Cette philosophie générale sous-tend la stratégie liée au « grand emprunt ». Il est ainsi indiqué, dans le dossier de presse du projet de loi, que « l'intervention de l'État est nécessaire pour financer certains projets à haut potentiel pour l'économie » et que « certains investissements lourds ne peuvent pas être réalisés par le secteur privé alors qu'ils génèrent des rendements importants pour l'économie ».
Le « grand emprunt » vise donc à donner une impulsion publique forte pour inverser la tendance française à prendre du retard dans le domaine de l'accumulation des savoirs et de l'innovation, et mettre la France au niveau des standards internationaux les plus élevés. Au total, et selon les documents explicatifs fournis par le ministère en charge de l'économie, les dépenses financées par l'emprunt national augmenteraient la croissance de près de 0,3 points de PIB par an sur la décennie. Ce sursaut de croissance devrait permettre d'accélérer le passage de l'économie française vers une économie de la connaissance où le triptyque recherche/innovation/industrie serait au coeur du développement.

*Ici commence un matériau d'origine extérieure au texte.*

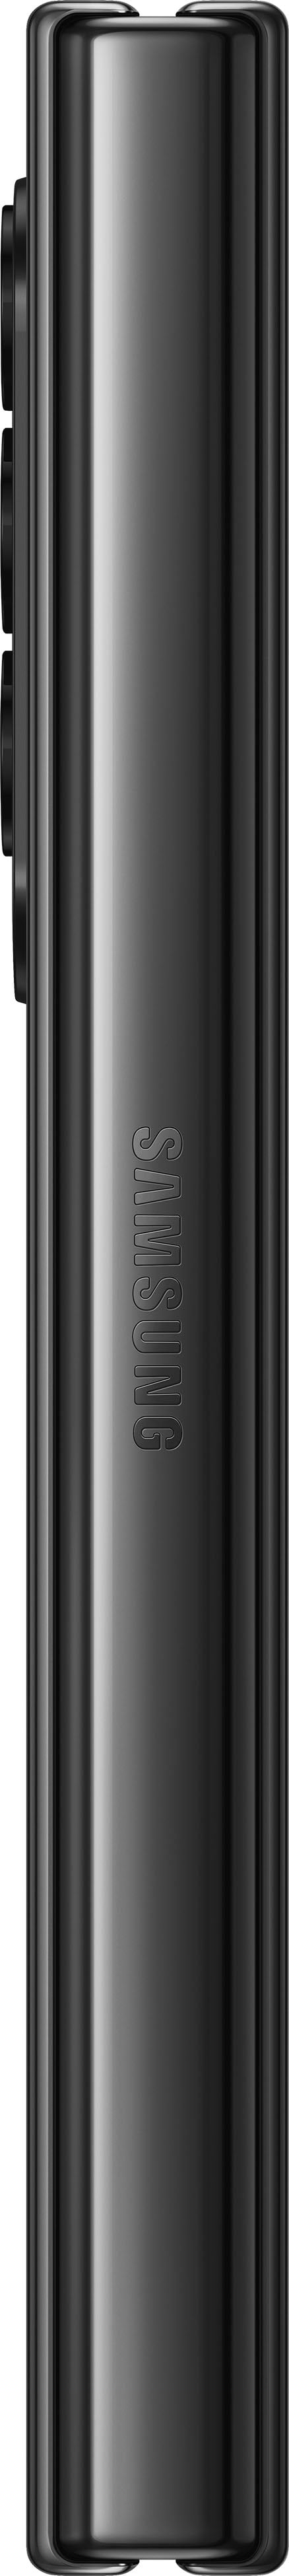 Samsung - Galaxy Z Fold4 512GB - Phantom Black (Verizon)_2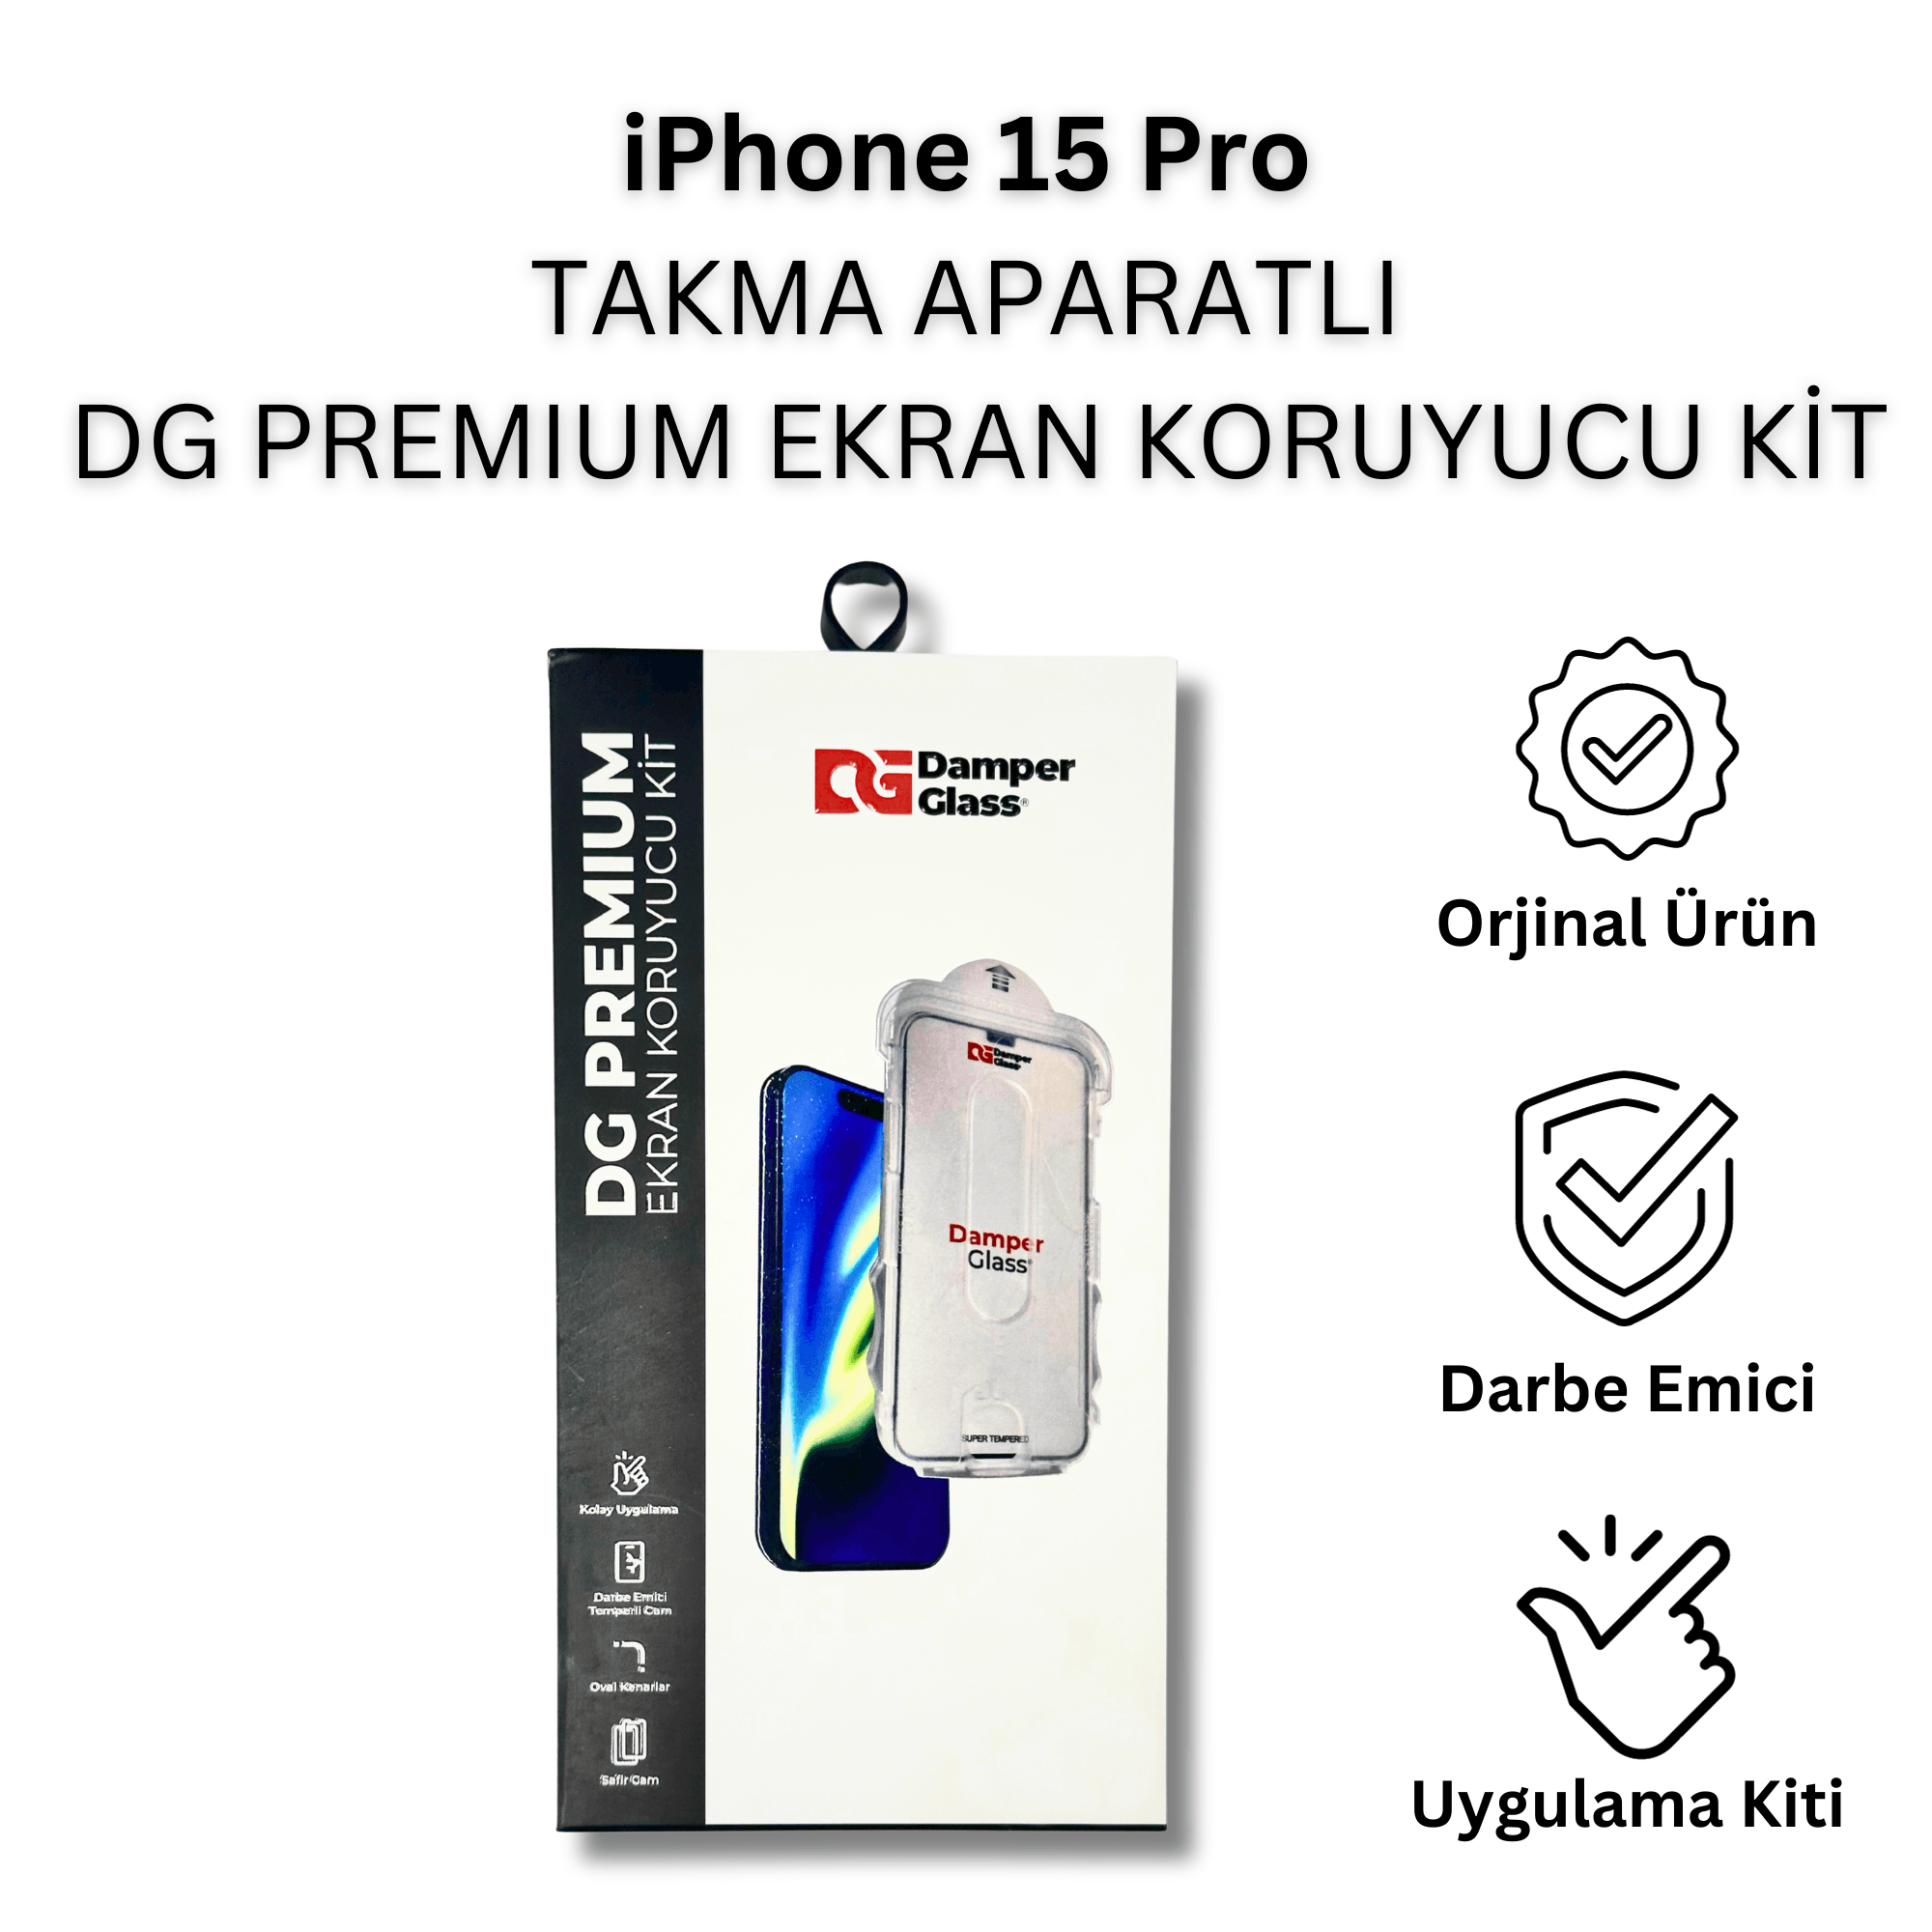 iPhone 15 Pro DG Premium Takma Aparatlı Darbe Emici Ekran Koruyucu Kit

Outre ses effets positifs sur notre trend de croissance et les structures de notre économie, l'effort d'investissement porté par le « grand emprunt » devrait contribuer à « passer le cap » de la crise. Ainsi, sur un plan conjoncturel, les dépenses du « grand emprunt » prennent, dans une certaine mesure, le relais du plan de relance, qui a déjà permis à la croissance de redevenir positive au deuxième trimestre de cette année, ainsi que de la réforme de la taxe professionnelle. « Élément de la stratégie de sortie de crise », le « grand emprunt » vise, selon le Gouvernement, à « assurer une reprise durable à partir de 2010 ».